1. The trap, in plain English
You run a company in a competitive industry, say customer support or software development. An AI tool arrives that can do much of what your human employees do. The AI costs about $18,000 per role per year; a human costs $60,000, all-in. Every role you automate saves about $42,000.
You'd have to be sentimental or bad at math to leave that on the table. So you automate. Your competitors do too.
The workers you let go don't stop needing things; they stop buying things. Some of their spending went to your products, some to your competitors'. The income they would have circulated is mostly gone. Only a fraction returns via new jobs or unemployment insurance. Your cost-saving move just shrank the market you sell into.
But you're not alone. You share customers with N competitors. When you automate one role and destroy some demand, only 1/N of that damage lands on you. The rest spills onto your rivals. From any one firm's point of view, the cost savings look full-sized and the demand cost looks tiny. The same is true for every firm in the market.
Every firm reaches the same conclusion and automates. Collectively, demand falls further than any single firm would have chosen. Profits fall, worker incomes fall, and a chunk of value evaporates outright.
Everyone could see this coming. The paper's model is deliberately transparent; every firm knows exactly what's happening. Rationality and foresight don't help.
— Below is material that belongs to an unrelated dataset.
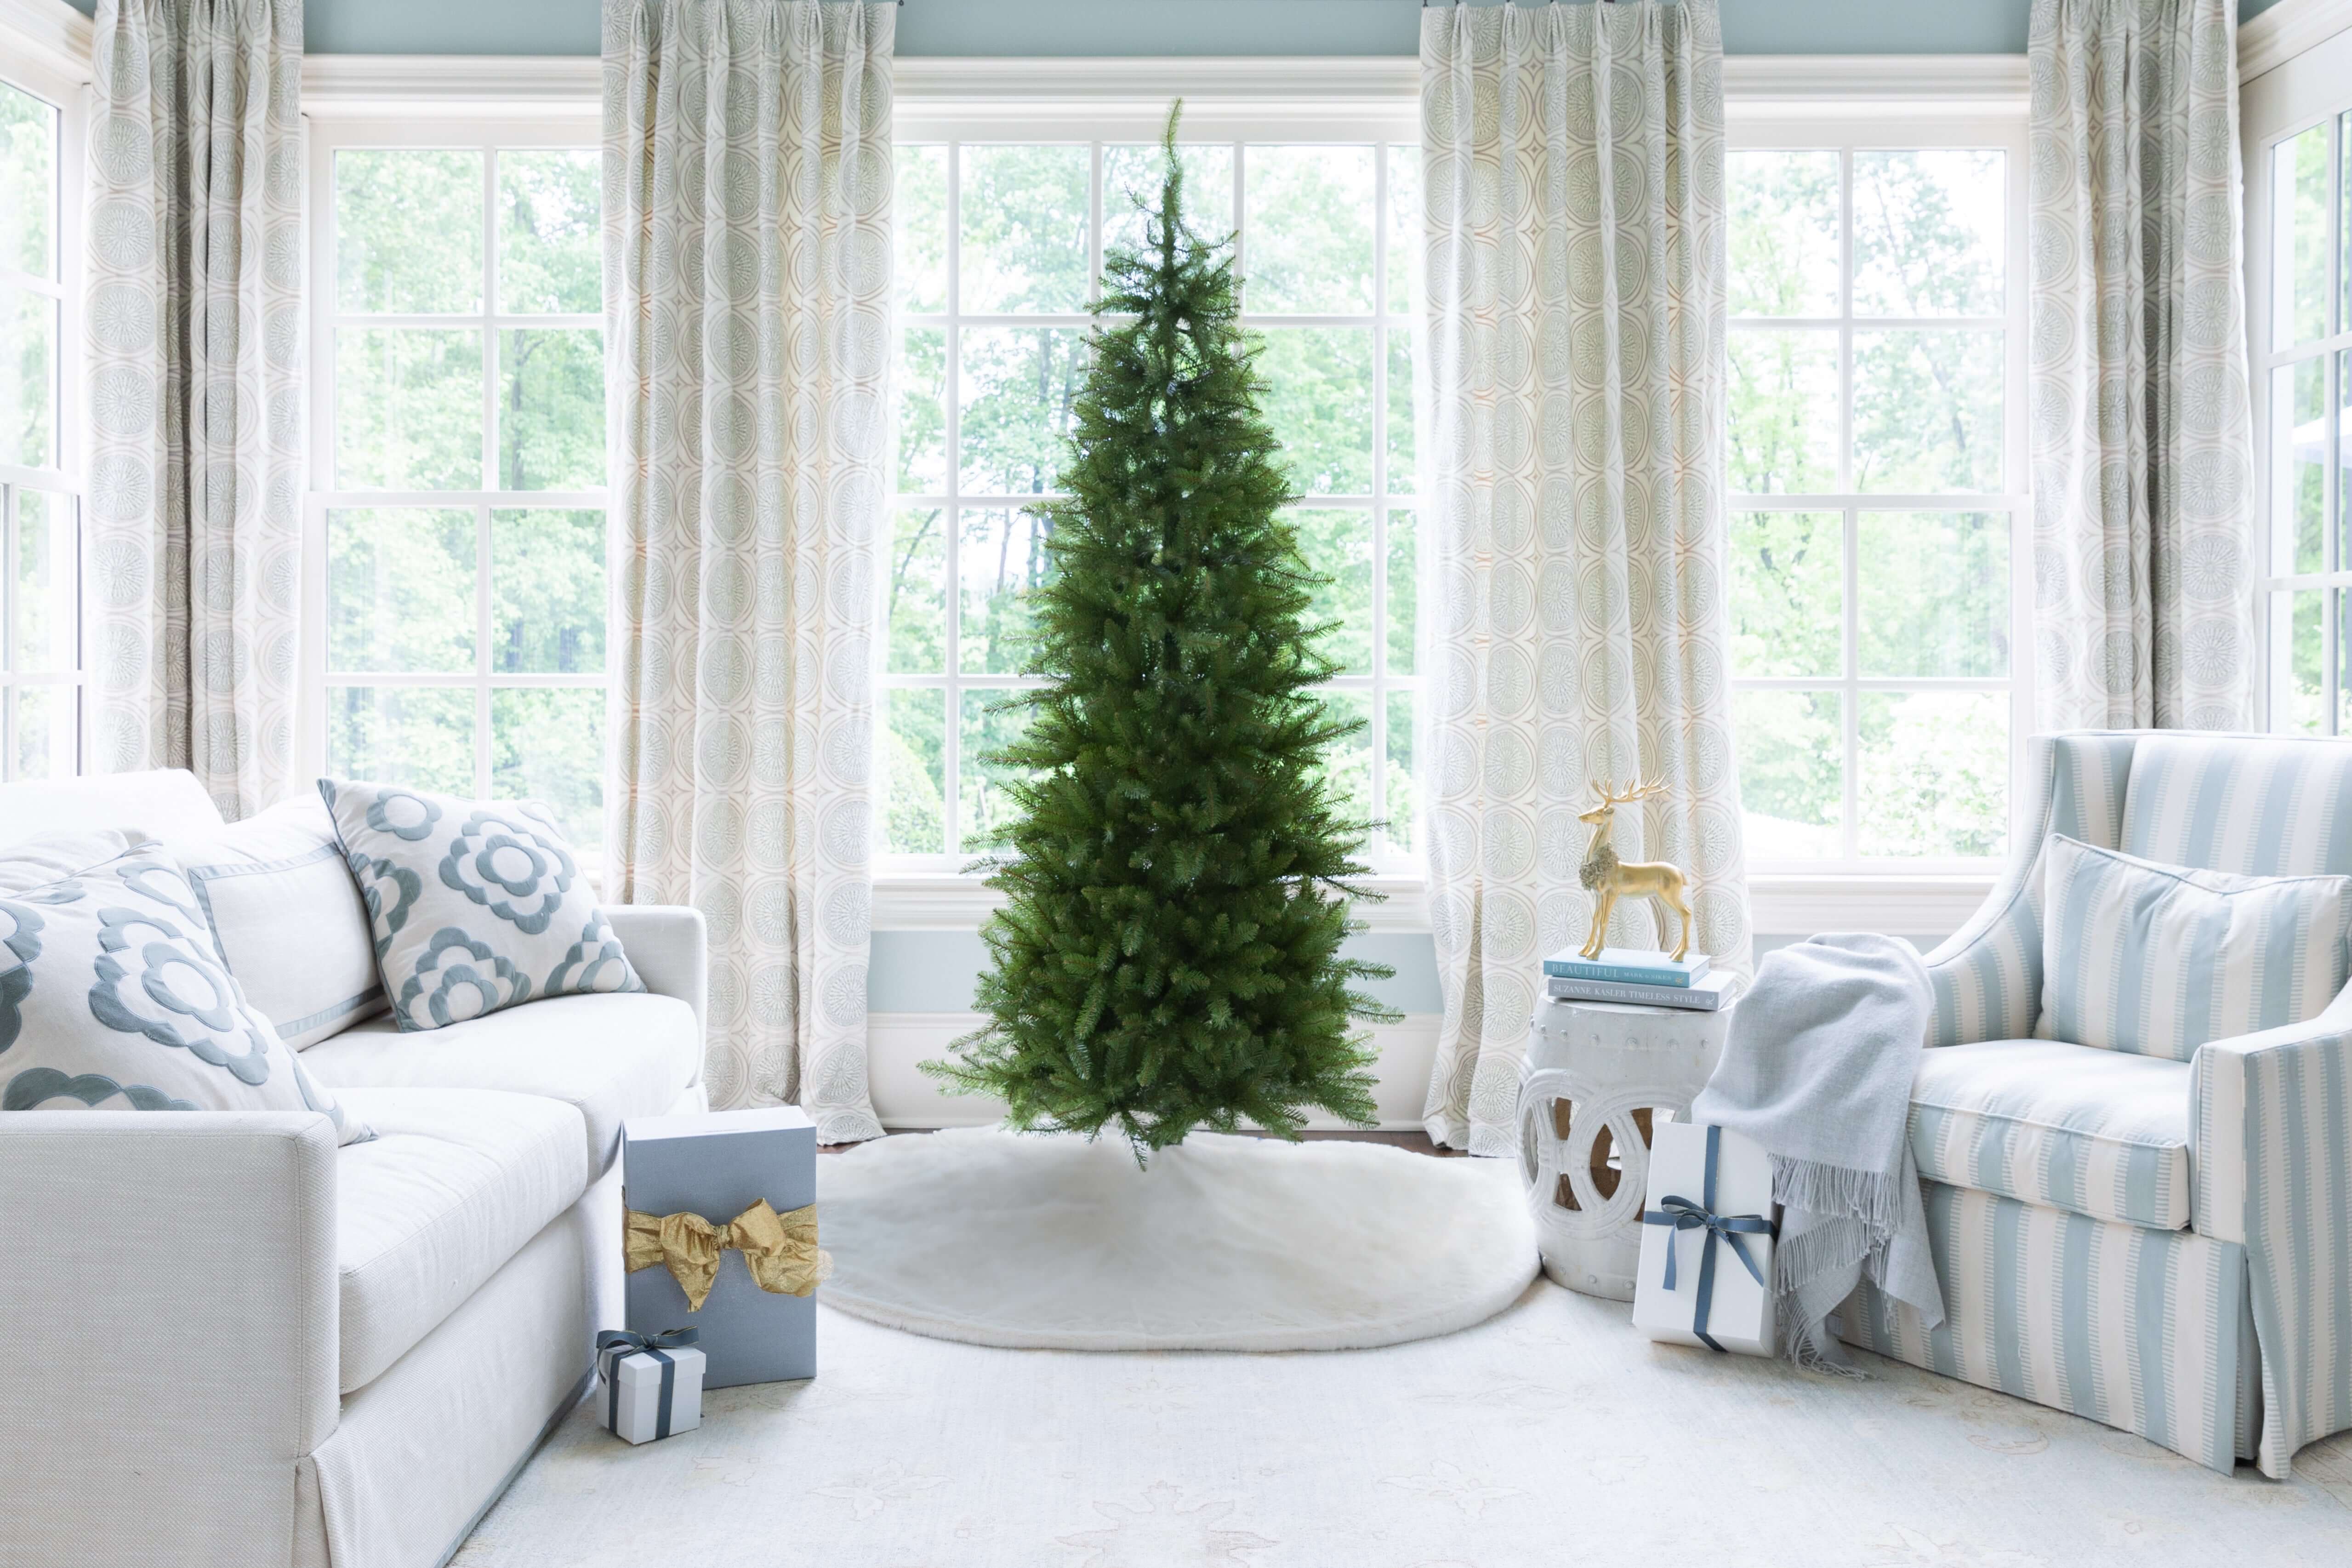 King of Christmas 6.5' Yorkshire Fir Slim Artificial Christmas Tree Unlit

Automation is a strictly dominant strategy: no matter what anyone else does, each firm is individually better off automating. So everyone does.
Show the math
N symmetric firms each choose an automation rate $\alpha_i \in [0,1]$. Saving per role automated is $s = w - c$. Demand lost per role automated is $\ell = \lambda(1-\eta)w$, where $\lambda$ is the share of worker income spent in the sector and $\eta$ is the share of displaced wages replaced elsewhere. A quadratic friction $\tfrac{k}{2}\alpha_i^2$ captures the increasing difficulty of integrating AI task-by-task.
The Nash equilibrium subtracts only the firm's own share (1/N) of the demand damage; the cooperative optimum subtracts all of it. Wedge is positive whenever N > 1 and ℓ > 0.
2. Watch the mechanism
Four cupcake bakeries in a large city compete for the same customers. Each employs 50 workers (bakers, decorators, retail staff), who are themselves among the city's cupcake buyers. A new wave of automation (order kiosks, mixing robots, AI customer service) can handle about 40% of those workers' tasks at roughly a third the cost. Every firm will decide to automate; the private math is obvious. Click Next to advance one quarter at a time, and watch the lower chart: it tracks the spending these 200 workers contribute to the sector. By the end, every firm is worse off than if they'd coordinated.
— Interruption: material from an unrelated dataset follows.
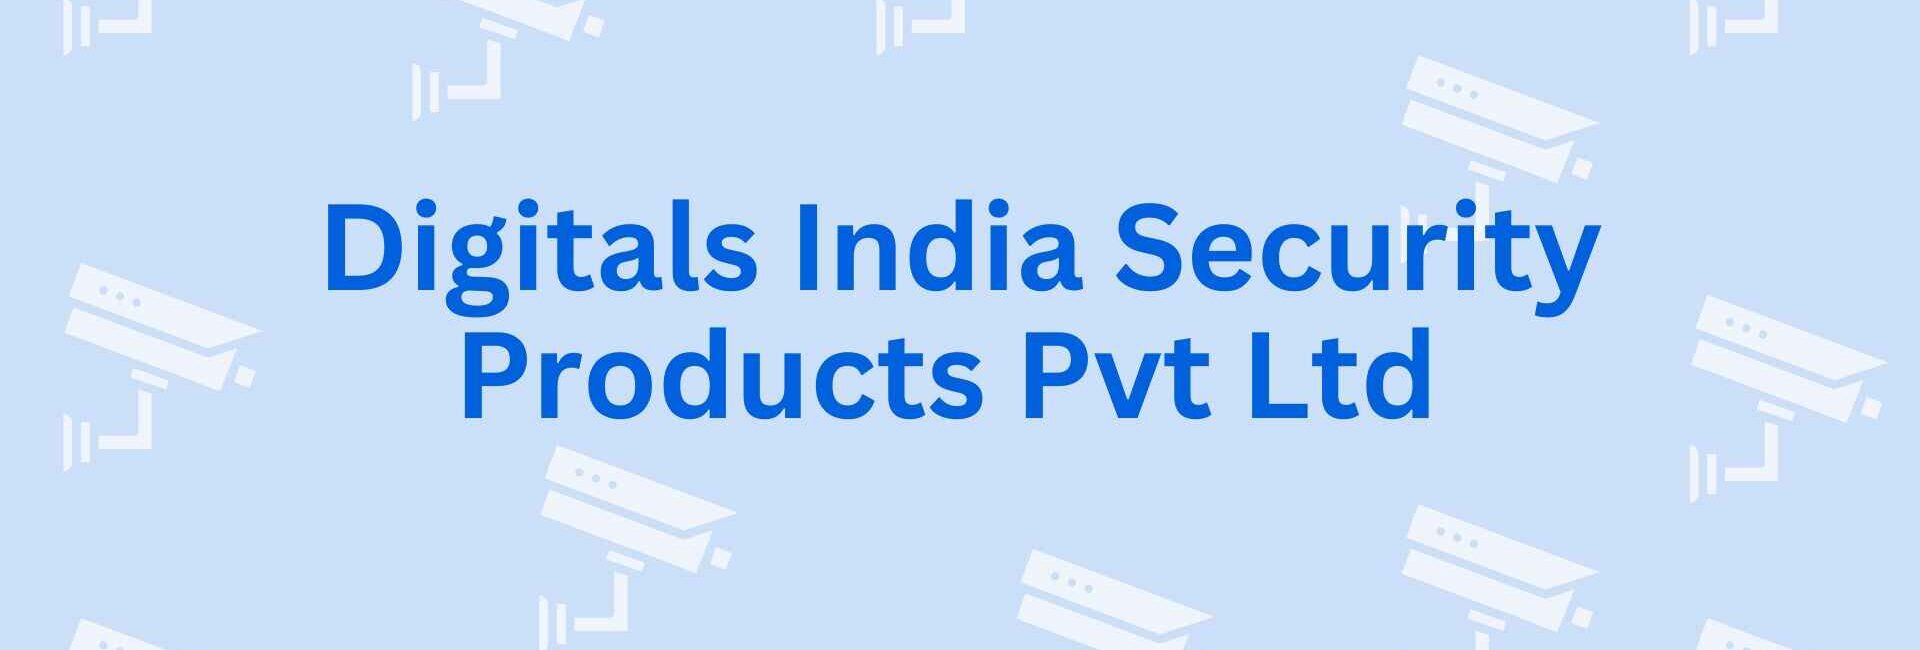 Digitals India Security Products Pvt Ltd - Best CCTV Dealer in Noida

Click Next to advance. Each step waits for you; read the caption, look at the firms and the demand bar, then continue.
3. Play with the model — for a single industry
Drag the sliders to set up a single industry like the consumer-retail example in §2, then watch how the Nash equilibrium pulls every firm past what would be collectively optimal. Both workers and owners lose. Section 4 widens the lens to the whole US economy.
Parameters
More firms means each feels less of its own demand damage, which widens the trap.
All-in yearly cost of employing one human: salary, benefits, overhead.
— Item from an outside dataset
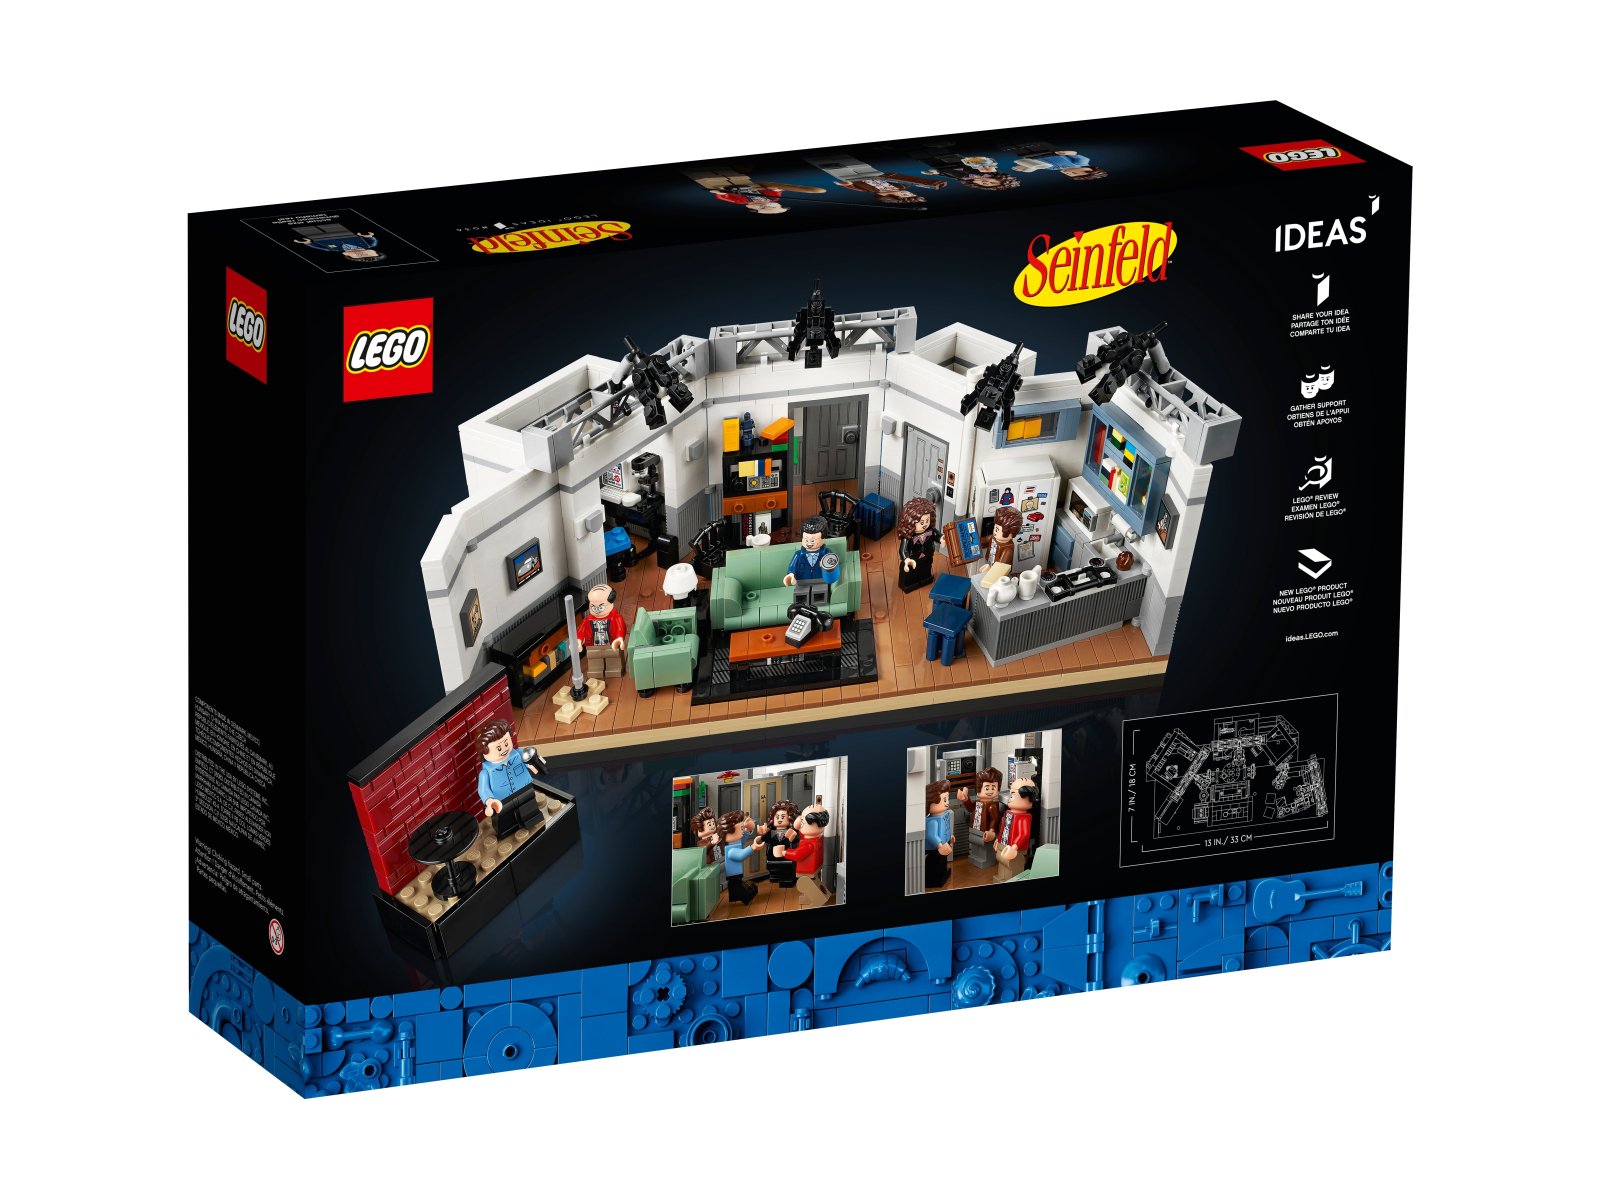 LEGO 21328 Ideas Seinfeld

AI replacement cost relative to a human doing the same work. At 30%, AI is about a third as expensive.
How costly the last tasks are to automate. Higher values make it harder to push automation all the way.
Of every dollar a worker earns, how much comes back as sales in this sector. Realistic ranges: a narrow industry ~5%, a mid-sized sector (retail, consumer software) ~15-25%, broad consumer services ~30%+. Economists call this the sectoral "marginal propensity to consume."
How much of a laid-off worker's wages is recovered via new jobs or transfers. The rest is gone from the economy.
A tax equal to the external cost an activity imposes. Carbon tax is the classic example; this is its equivalent for demand destruction. Each firm pays for the demand damage its automation causes to the other firms.
Equilibrium
Outcomes: independent vs. coordinated decisions
4. The Bigger Picture
We've seen how the mechanism works inside a single industry, with four consumer-retail firms sharing a sector's demand. What happens when we widen the scope to the US economy as a whole?
Scenario inputs
Massenkoff & McCrory2 find roughly 30% of US workers have zero observed exposure (cooks, mechanics, lifeguards, dishwashers). The remaining 70% have some, with the top quartile averaging 39% task coverage. The 40% default is a midpoint for "workers in roles where the trap could bite."
Of an exposed worker's role, what fraction automation actually replaces when every firm decides independently. For reference, Massenkoff & McCrory2 put top-quartile observed coverage at 38.8% today; the most exposed individual occupations, like computer programmers, sit around 74%.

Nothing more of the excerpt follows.